При этих словах она разрыдалась и мягко отстранила сына, который чутьем понял, что матери нужно побыть одной, и ушел, уводя с собой полусонного брата. Час спустя, когда Мари уже лежал в постели, Луи осторожно подошел к беседке, где оставил мать. Оттуда раздались сладостные для его слуха слова: «Это ты, Луи? Входи».

Мальчик бросился к матери и они сжали друг друга в почти судорожных объятиях.

— Дорогая моя, — произнес наконец мальчик, который часто звал ее так; впрочем, самые нежные слова казались ему недостаточными для выражения его любви к ней, — дорогая моя, почему ты так часто говоришь о смерти?

— Я больна, ангел мой, бедное мое дитя, и с каждым днем чувствую себя все хуже; недуг мой неизлечим, и я это знаю.

— Что же это за болезнь?

— Мне лучше забыть ее название, а тебе — не знать причины моей смерти.

Несколько мгновений мальчик молчал, украдкой бросая взгляды на мать, которая, подняв глаза к небу, следила за бегом облаков. Какая трогательная и грустная сцена! Луи не верил в близкую смерть матери, но безотчетно предчувствовал беду. Он боялся нарушить глубокие раздумья, в которые погрузилась его матушка.

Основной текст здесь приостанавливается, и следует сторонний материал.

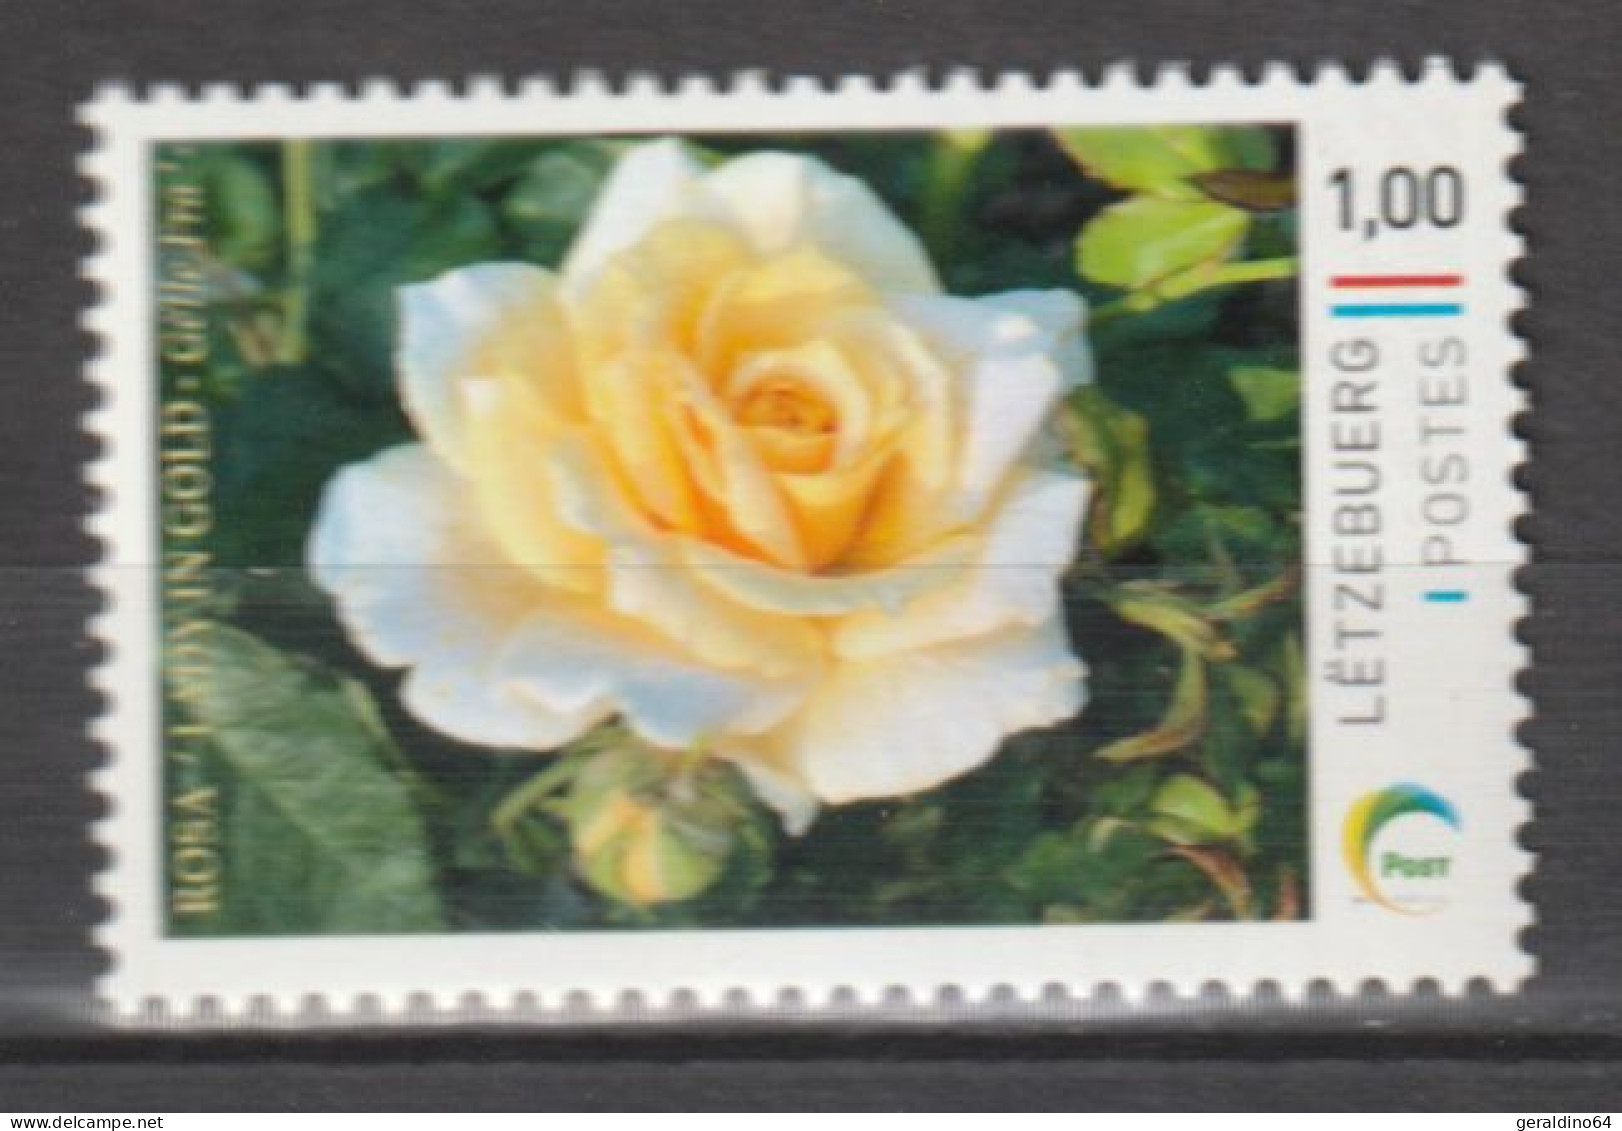 Luxemburg 2023 Personalisierte Briefmarke Rose Lady In Gold ** Postfrisch MNH - Ongebruikt

Не будь он так юн, он разглядел бы на ее вдохновенном челе следы раскаяния вперемешку со счастливыми воспоминаниями, прочел бы в ее чертах всю жизнь женщины: беззаботное детство, брак без любви, неодолимое чувство, цветы, взращенные бурей и погубленные молнией, низвергнутые в бездну, откуда нет возврата.

— Матушка, любимая, — сказал наконец Луи, — зачем вы скрываете от меня ваши страдания?

— Сын мой, — отвечала госпожа Виллемсанс, — мы должны таить наши тяготы от посторонних глаз, появляться на людях с радостной улыбкой, говорить не о своих, а о чужих заботах: верность этим правилам — залог счастья. Однажды тебе придется узнать, что такое страдание! Вспомни тогда, что твоя несчастная мать умирала на твоих глазах, улыбаясь и пряча от тебя свою боль; это поможет тебе стойко перенести жизненные невзгоды.

Глотая слезы, она постаралась объяснить сыну, как устроен мир, откуда берутся и как складываются состояния, какие узы связуют людей в обществе, как можно честным путем накопить деньги, необходимые для безбедного существования, и как важно для этого получить образование. Затем она открыла ему одну из причин своей постоянной грусти и слез; после ее смерти, сказала она, он и Мари останутся совсем без средств, в их распоряжении будет лишь самая ничтожная сумма, и уповать им придется только на Бога.

— Значит, мне нужно выучиться побыстрее! — воскликнул мальчик, бросив на мать жалобный и проникновенный взгляд.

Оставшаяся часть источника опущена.